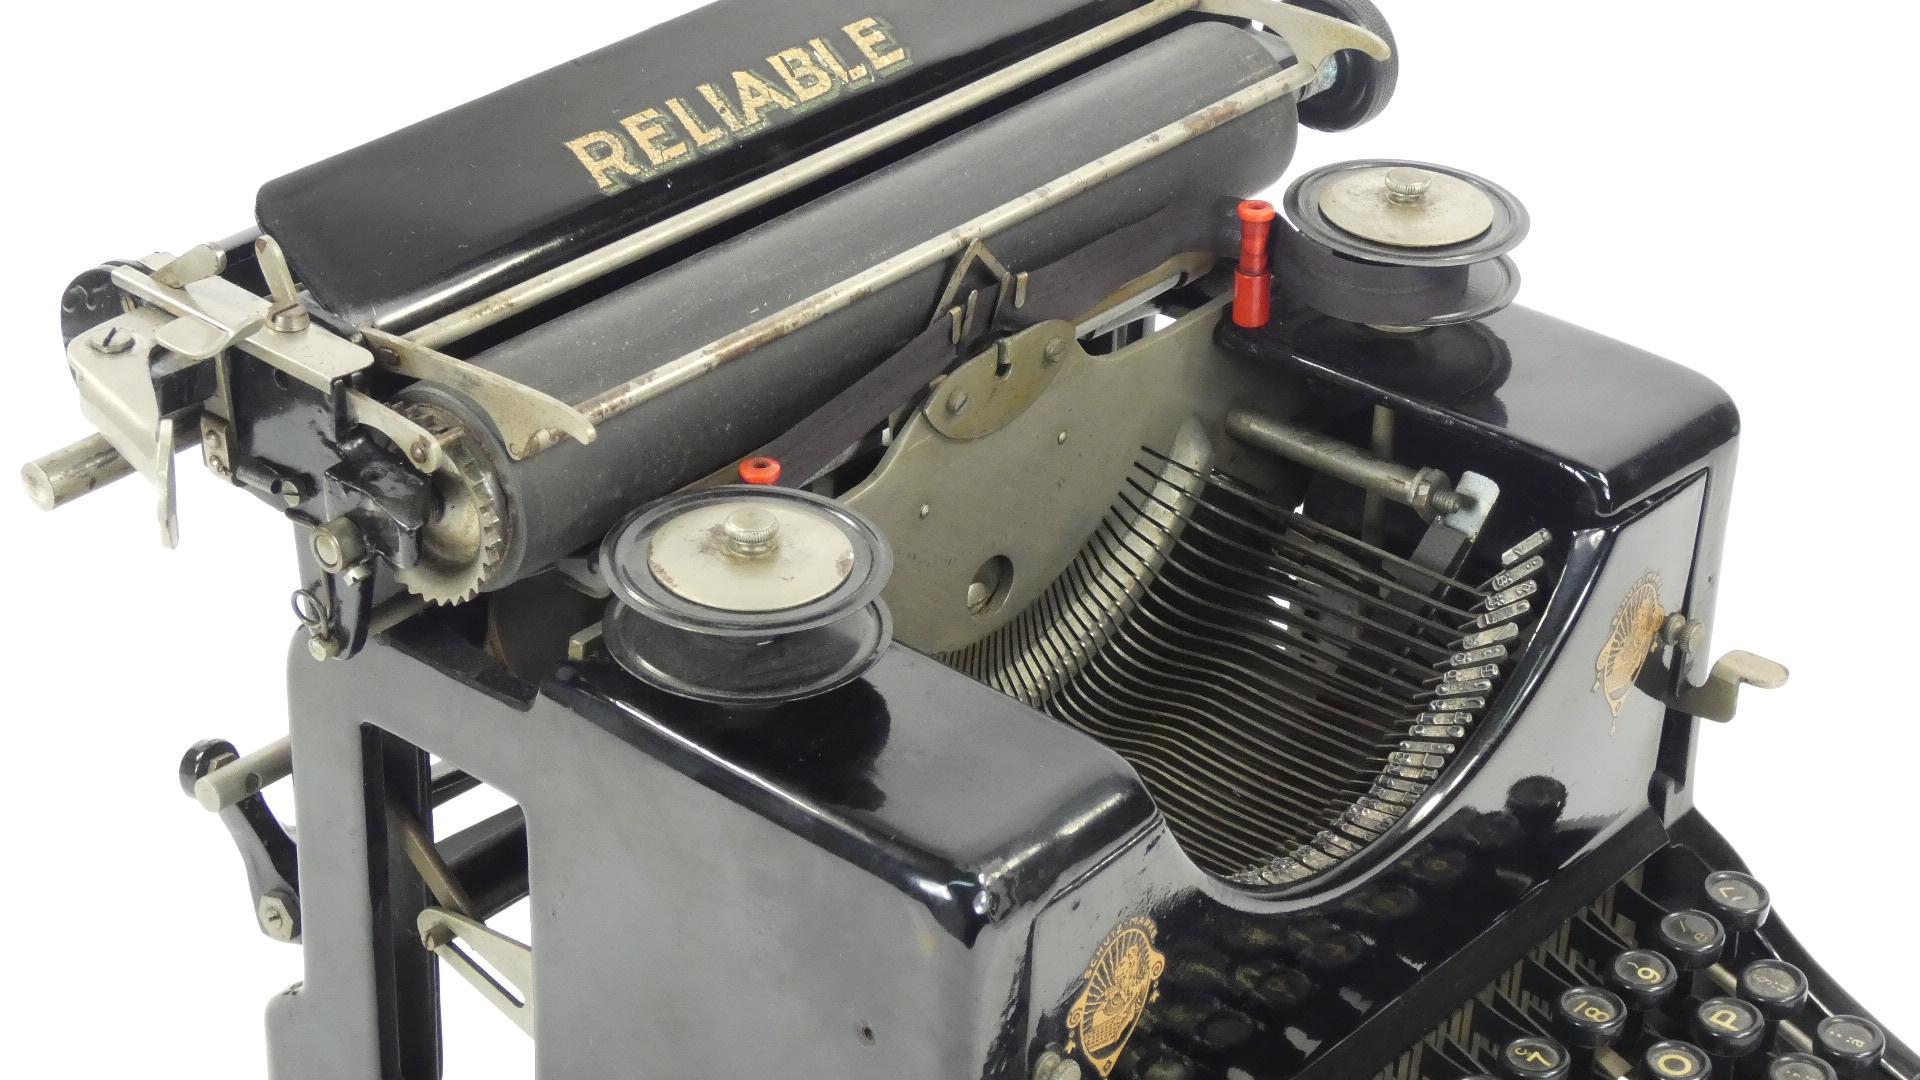 Imagen RELIABLE AÑO 1921 43455
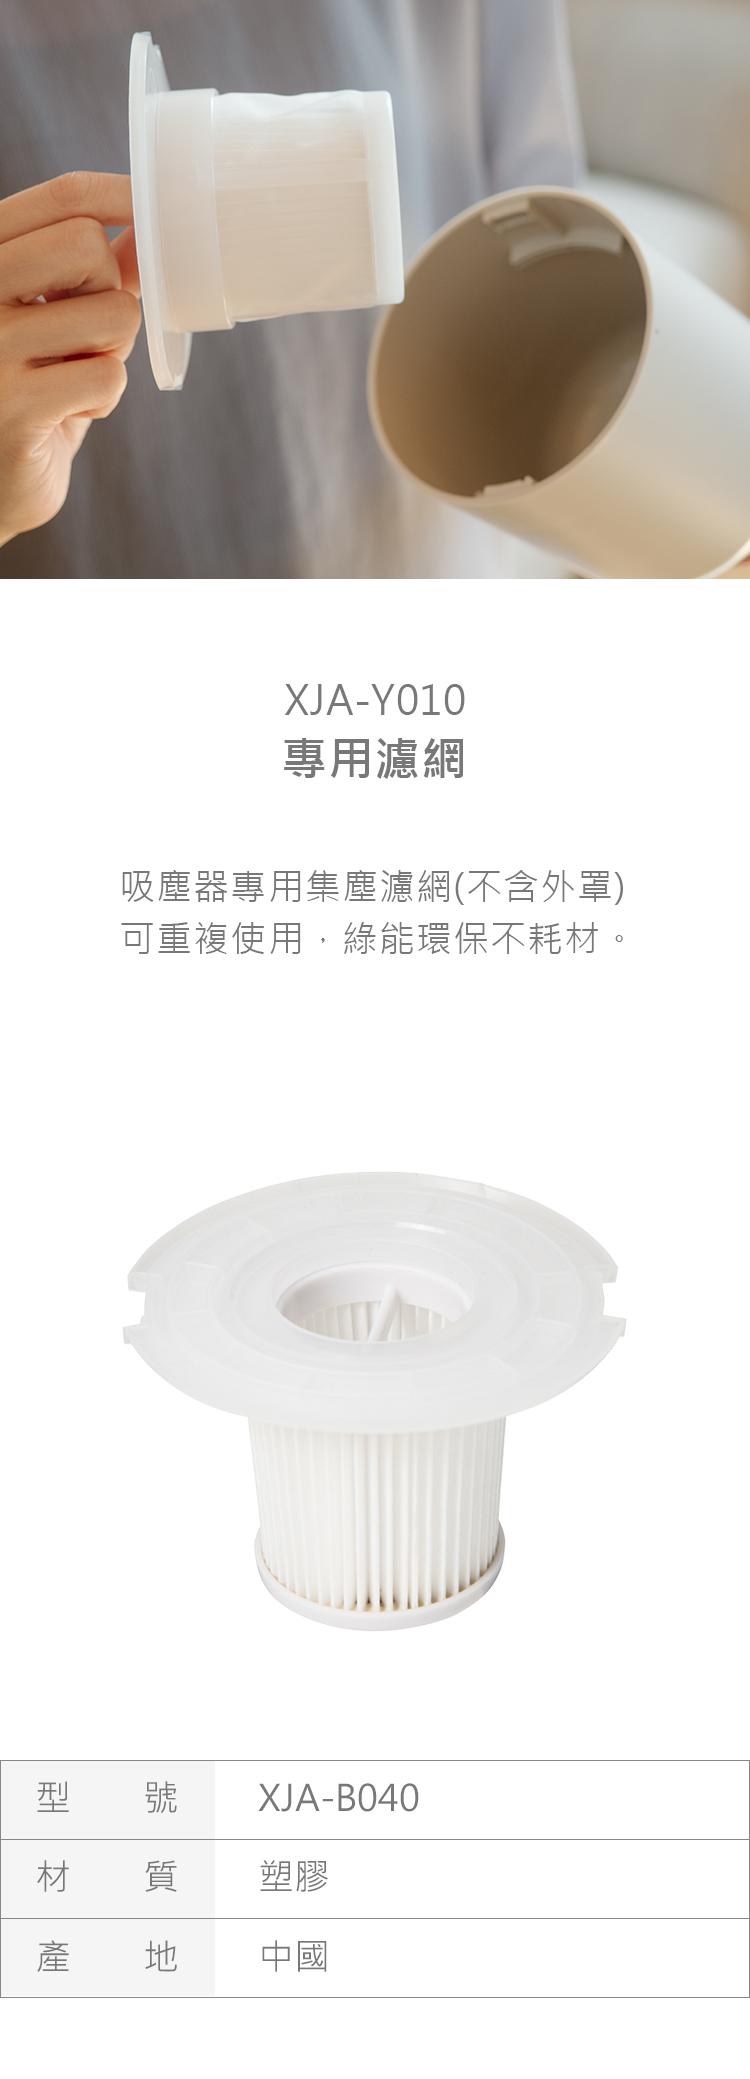 吸塵器過濾網 (適用型號C030)
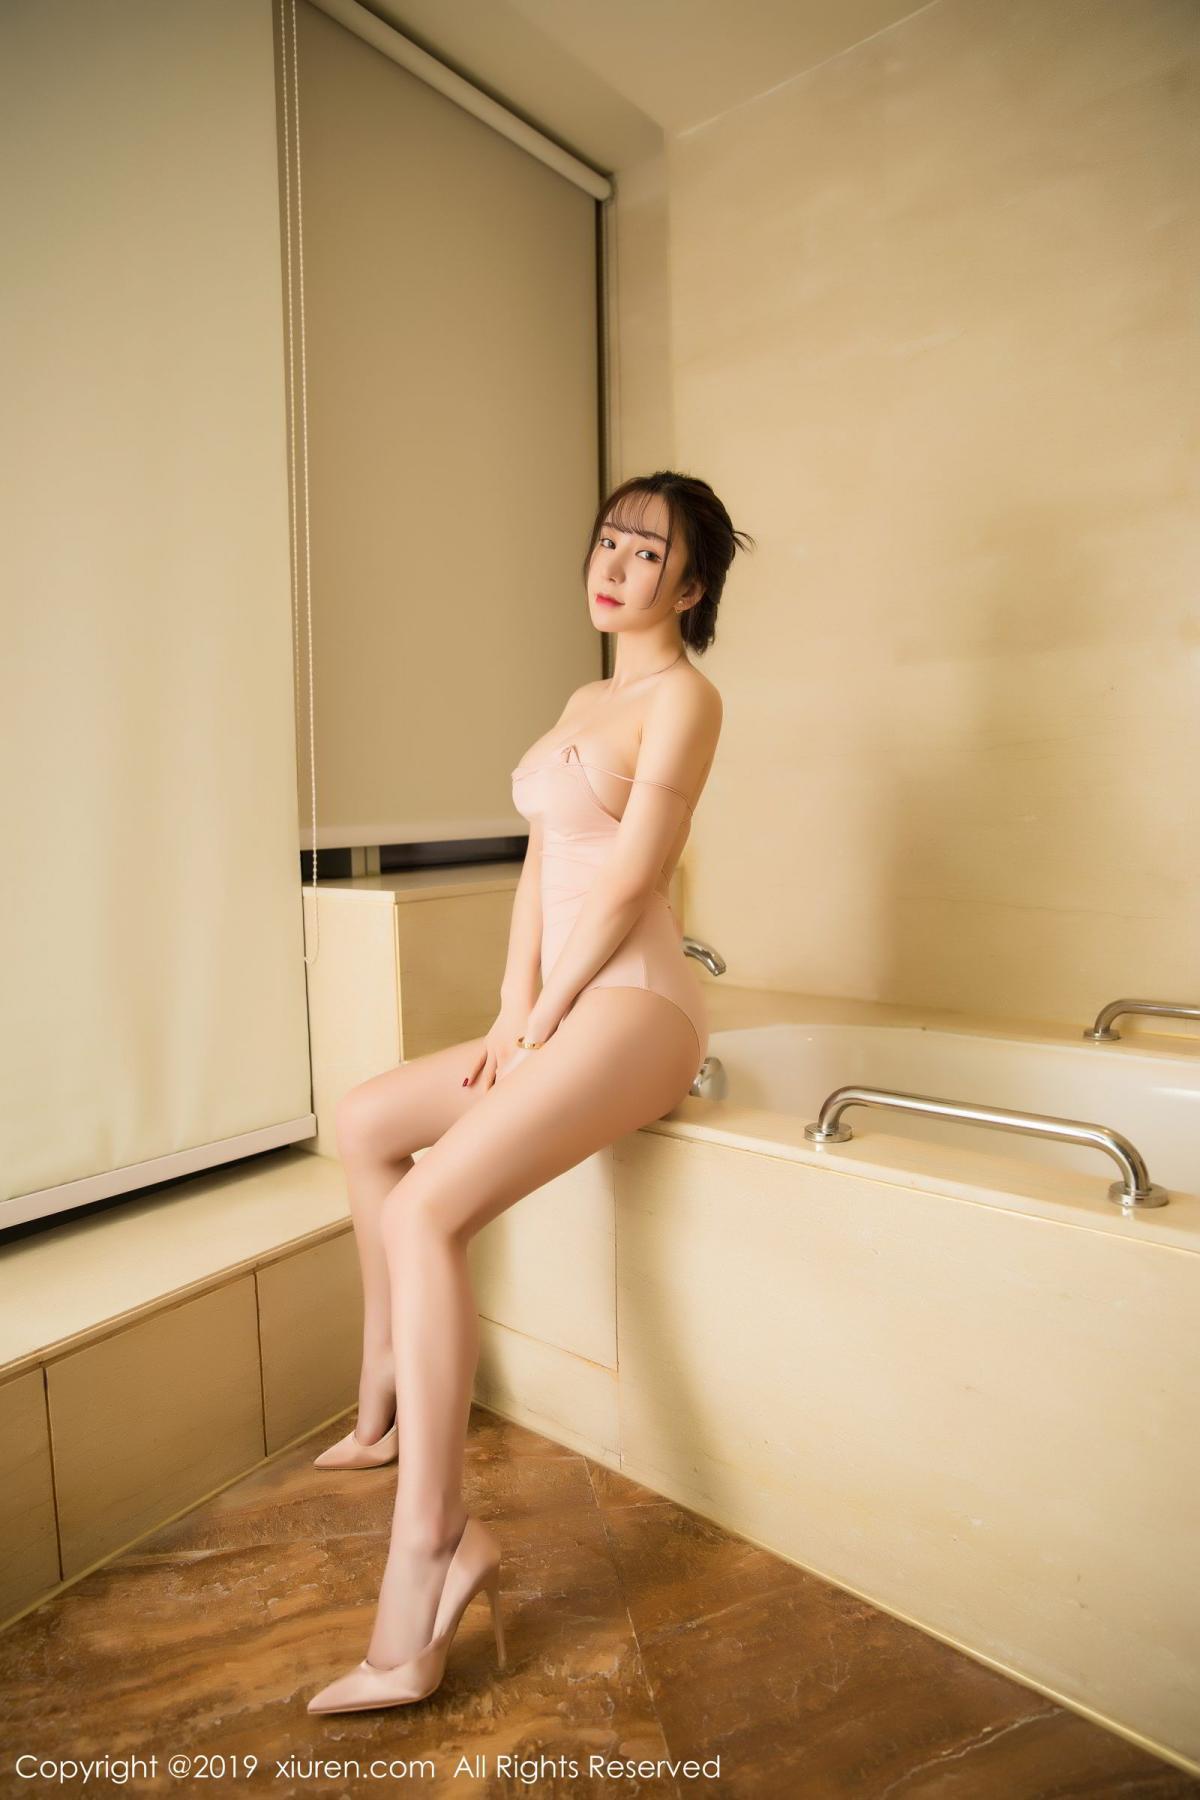 [XiuRen] Vol.1496 Zhou Yu Xi 23P, Bathroom, Xiuren, Zhou Yu Xi
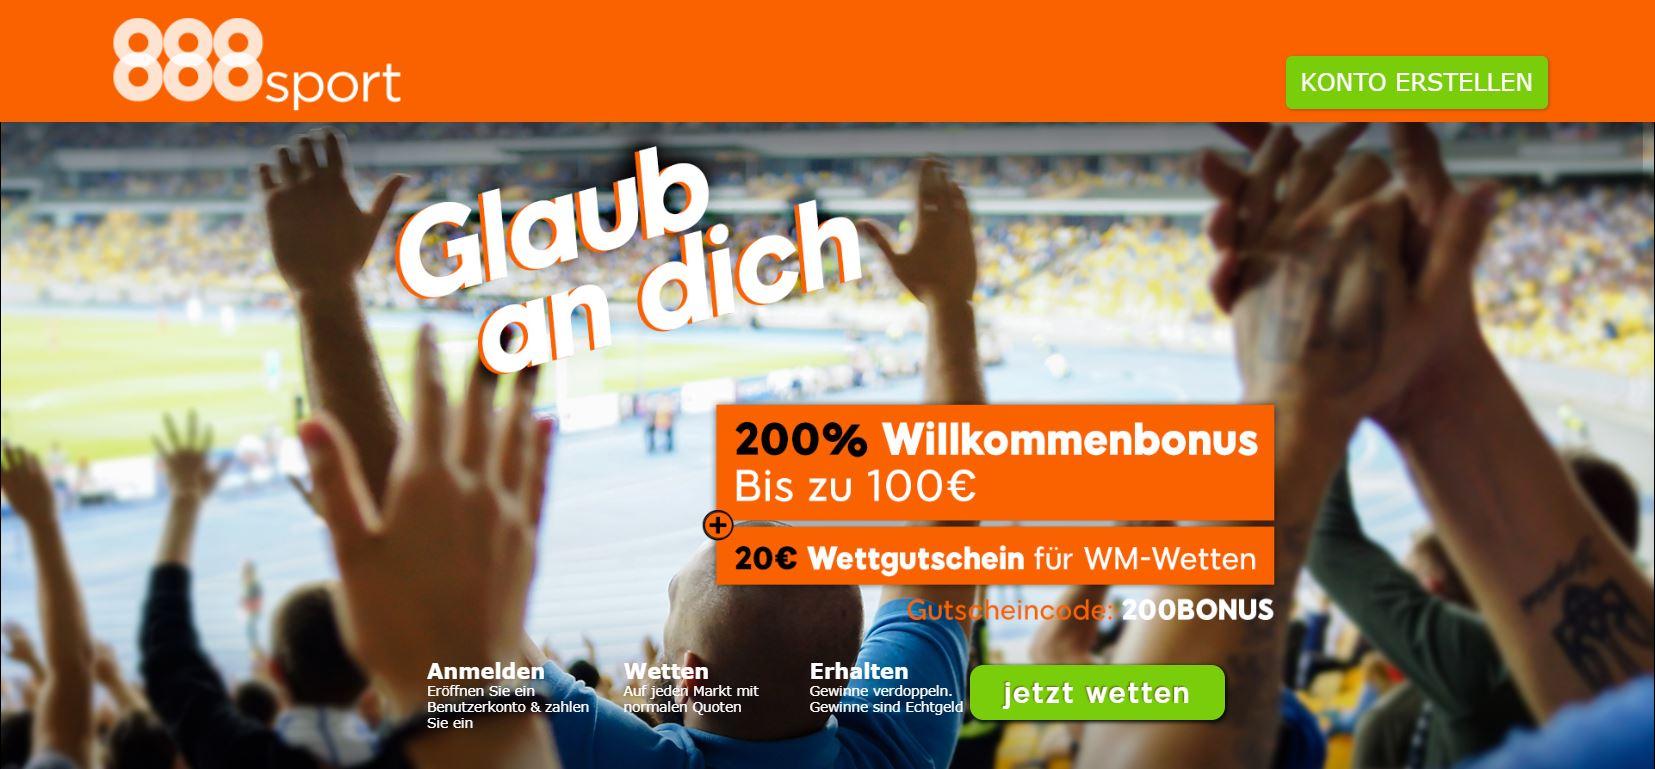 888sport WM 2018 Angebot

= = =

▶ **What is needed**
Starting with the line that holds "[XiuRen] Vol.1496 Zhou", repeat exactly every line through the end of the material above, both ends included, without the pictures.

▶ **Solution to this exercise**
 [XiuRen] Vol.1496 Zhou Yu Xi 23P, Bathroom, Xiuren, Zhou Yu Xi
 888sport WM 2018 Angebot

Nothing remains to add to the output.